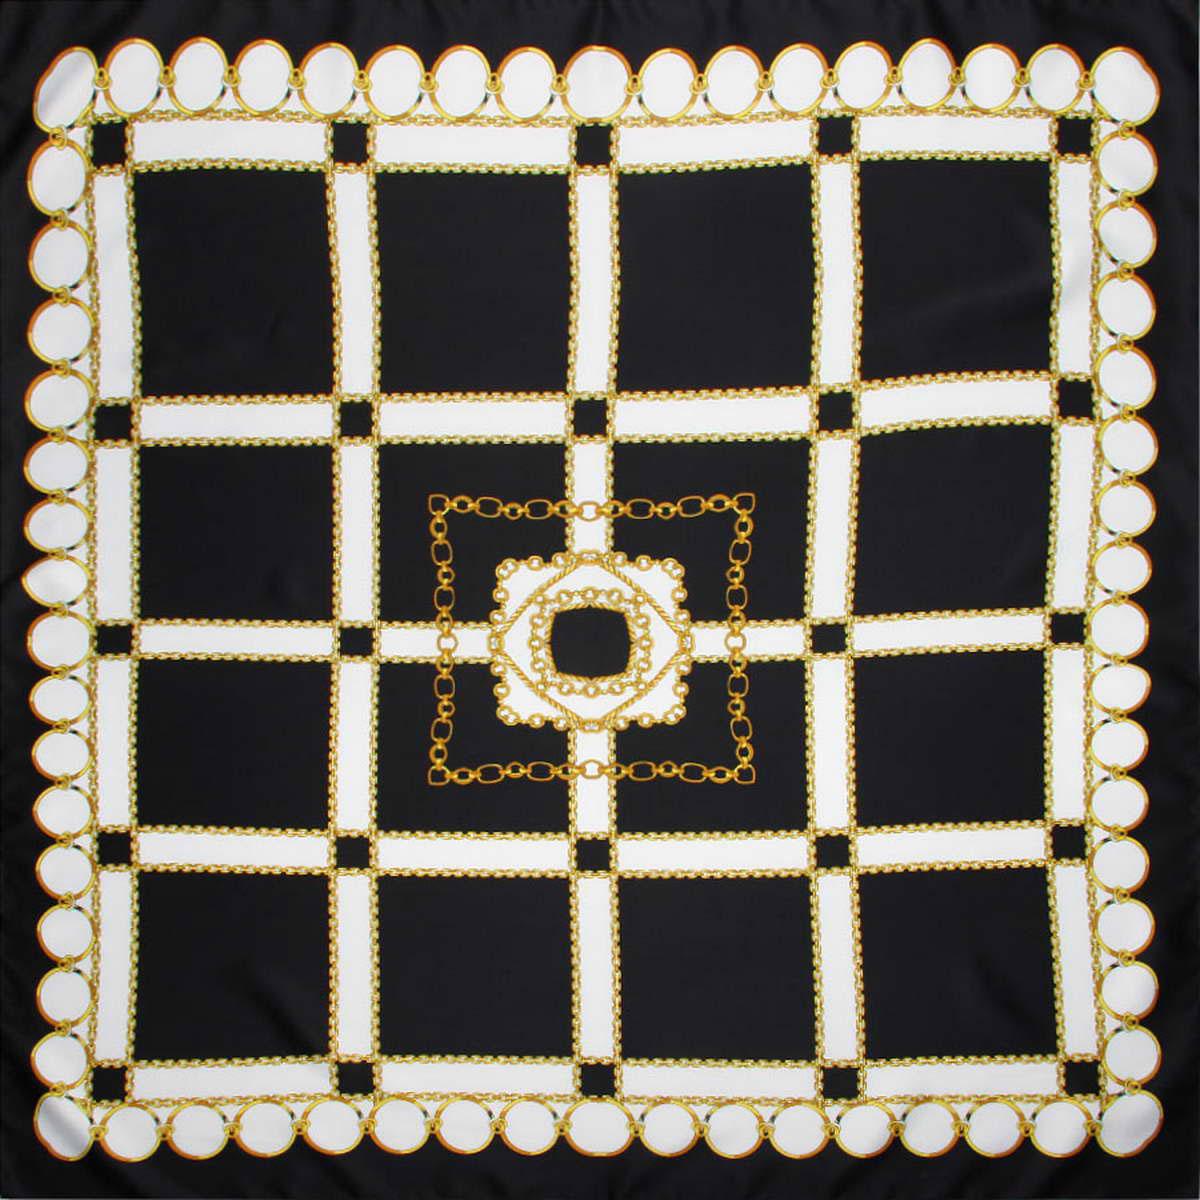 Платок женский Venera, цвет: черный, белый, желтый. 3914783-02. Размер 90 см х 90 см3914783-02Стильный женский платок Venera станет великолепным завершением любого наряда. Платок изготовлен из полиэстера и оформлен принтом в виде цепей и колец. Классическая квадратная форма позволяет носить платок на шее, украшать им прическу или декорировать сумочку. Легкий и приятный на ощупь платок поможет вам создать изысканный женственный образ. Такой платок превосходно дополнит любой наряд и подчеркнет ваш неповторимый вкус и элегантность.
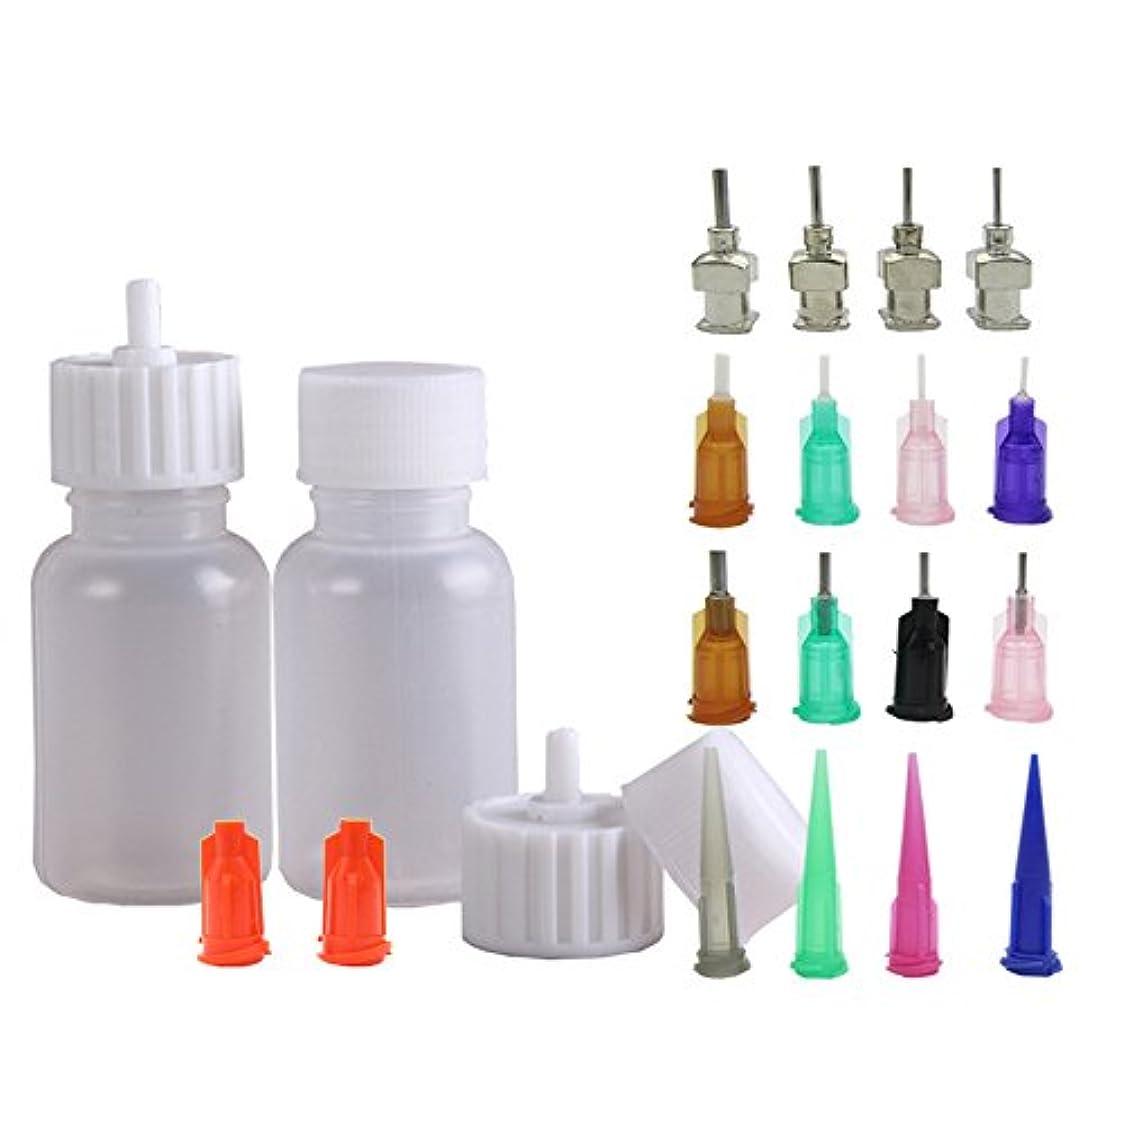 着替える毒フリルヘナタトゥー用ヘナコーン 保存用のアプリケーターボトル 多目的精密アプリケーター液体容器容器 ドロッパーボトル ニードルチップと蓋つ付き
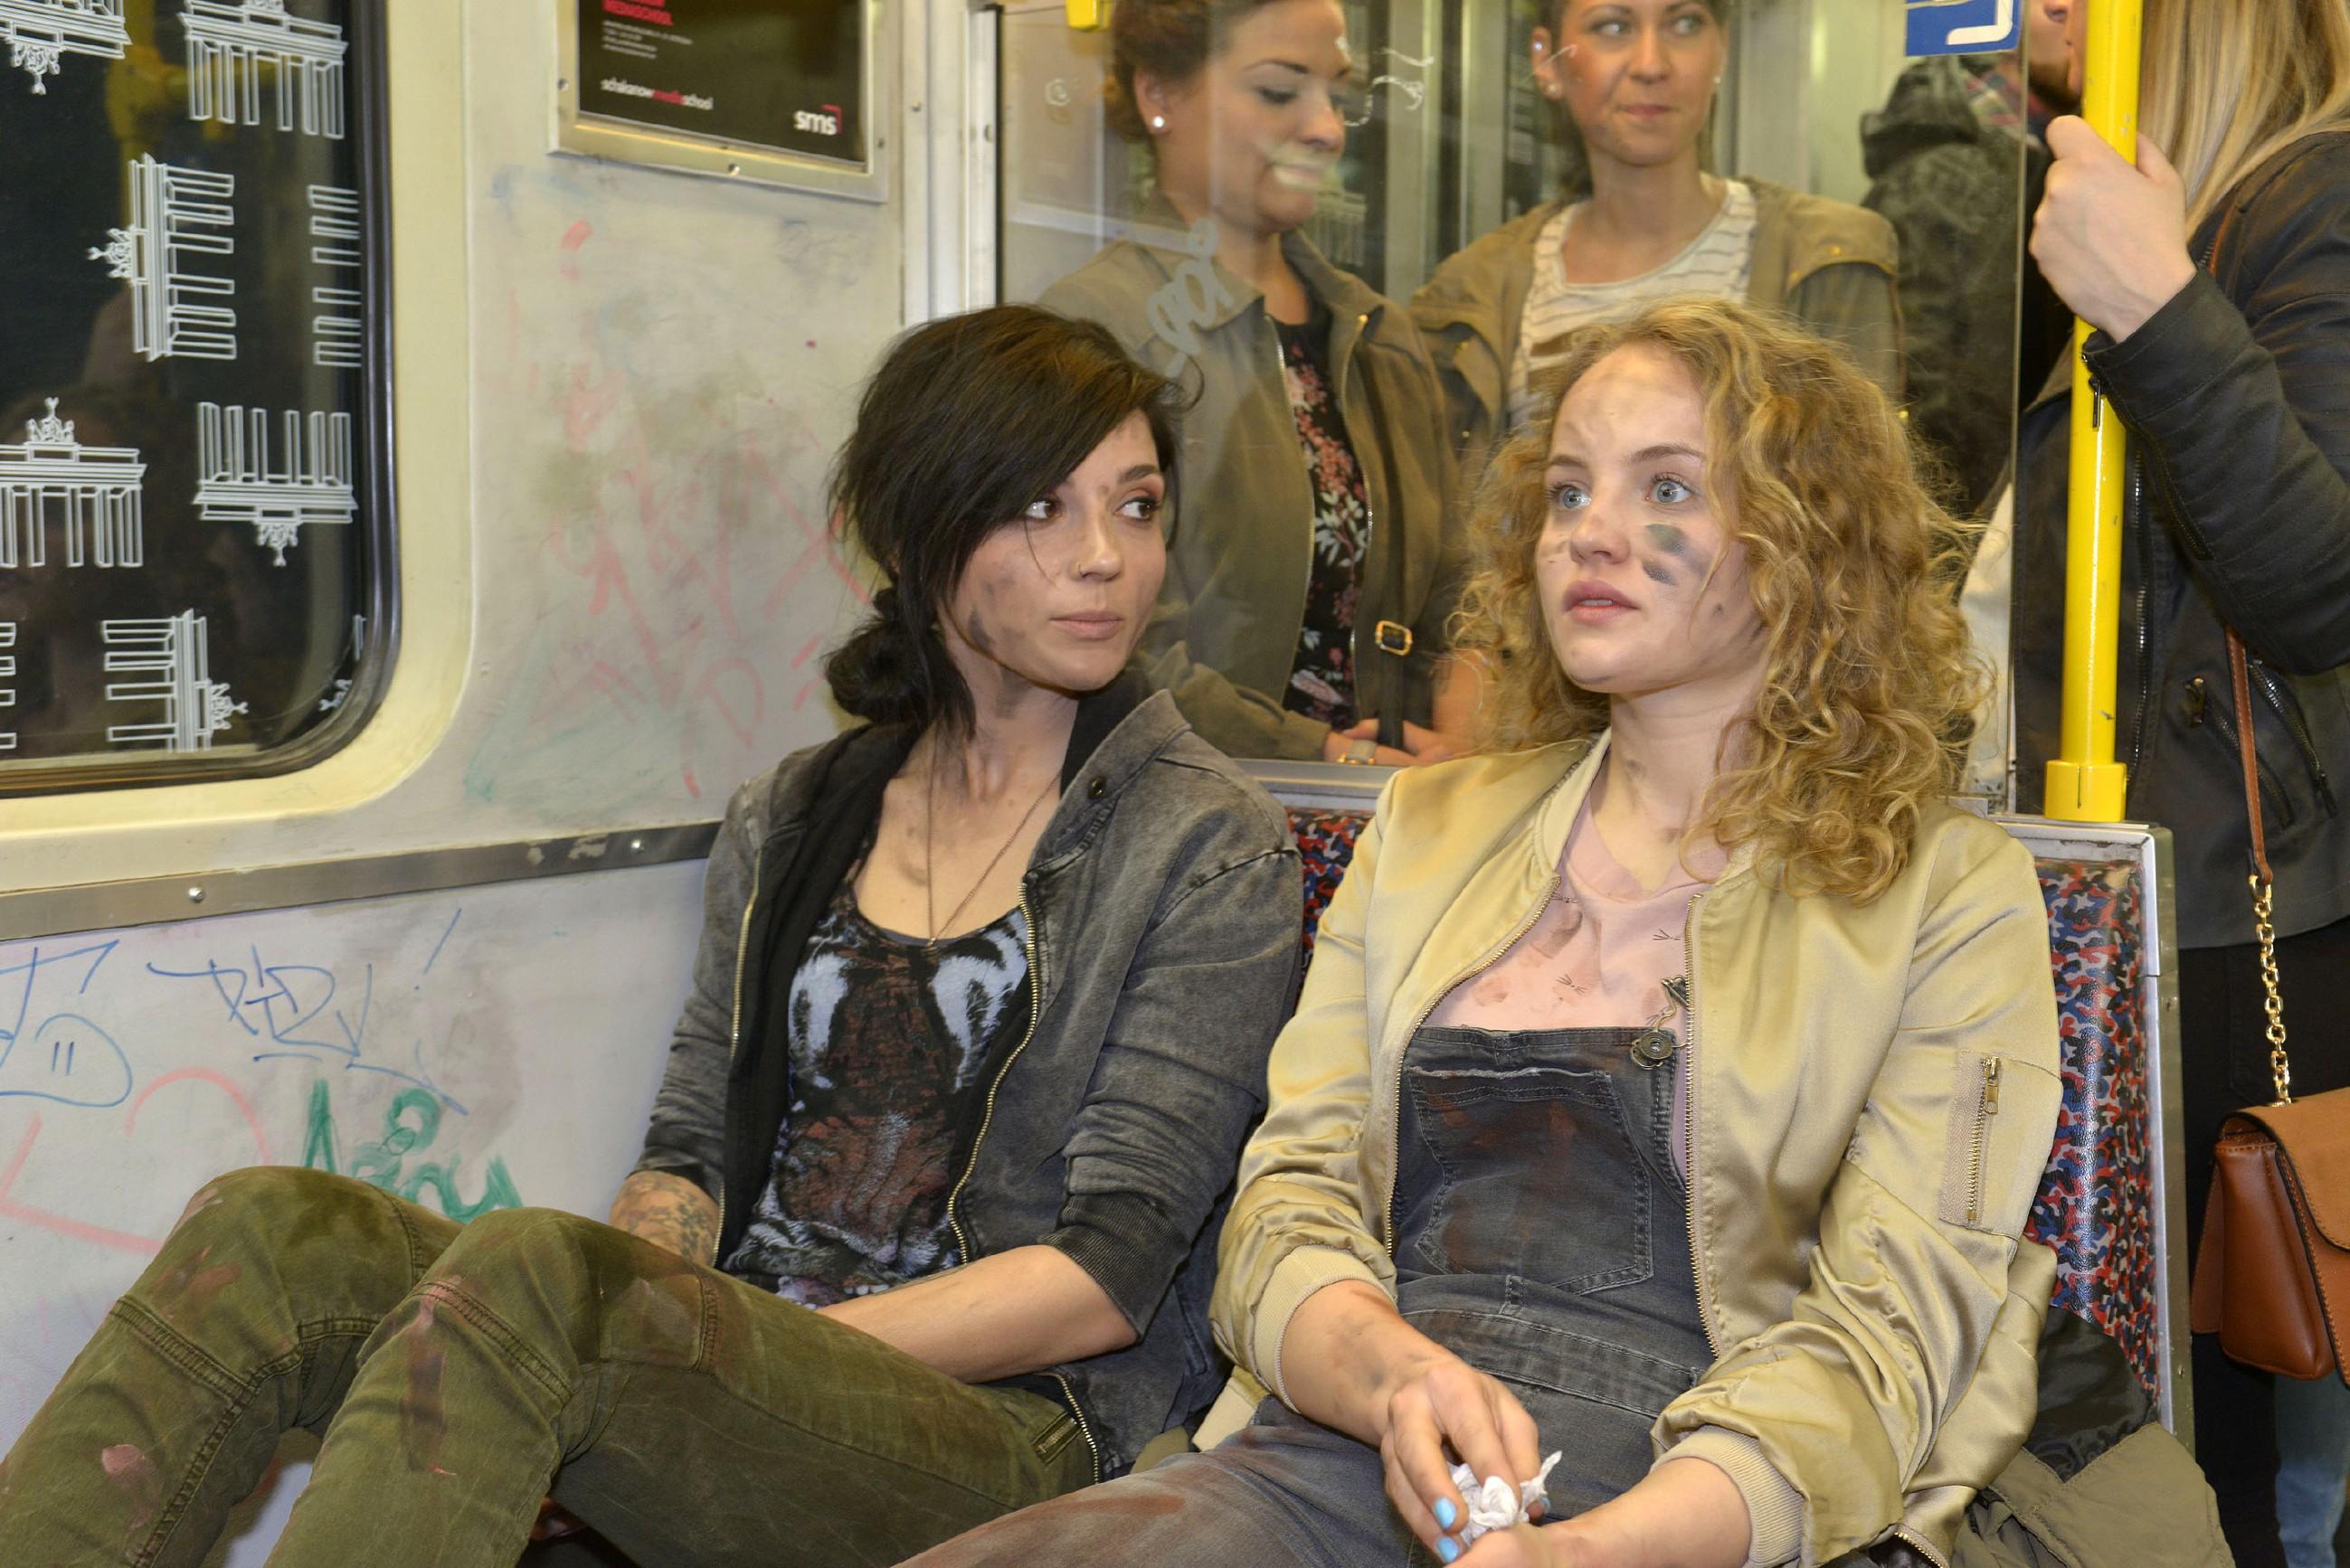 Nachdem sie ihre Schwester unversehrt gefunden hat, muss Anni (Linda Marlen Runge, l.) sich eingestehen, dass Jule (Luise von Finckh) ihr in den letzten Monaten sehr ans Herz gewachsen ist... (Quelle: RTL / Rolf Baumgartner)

§ **Assignment**: Every line of the data above is to be repeated exactly; the images are to be left out.

§ **Written response**:
 Платок женский Venera, цвет: черный, белый, желтый. 3914783-02. Размер 90 см х 90 см3914783-02Стильный женский платок Venera станет великолепным завершением любого наряда. Платок изготовлен из полиэстера и оформлен принтом в виде цепей и колец. Классическая квадратная форма позволяет носить платок на шее, украшать им прическу или декорировать сумочку. Легкий и приятный на ощупь платок поможет вам создать изысканный женственный образ. Такой платок превосходно дополнит любой наряд и подчеркнет ваш неповторимый вкус и элегантность.
 着替える毒フリルヘナタトゥー用ヘナコーン 保存用のアプリケーターボトル 多目的精密アプリケーター液体容器容器 ドロッパーボトル ニードルチップと蓋つ付き
 Nachdem sie ihre Schwester unversehrt gefunden hat, muss Anni (Linda Marlen Runge, l.) sich eingestehen, dass Jule (Luise von Finckh) ihr in den letzten Monaten sehr ans Herz gewachsen ist... (Quelle: RTL / Rolf Baumgartner)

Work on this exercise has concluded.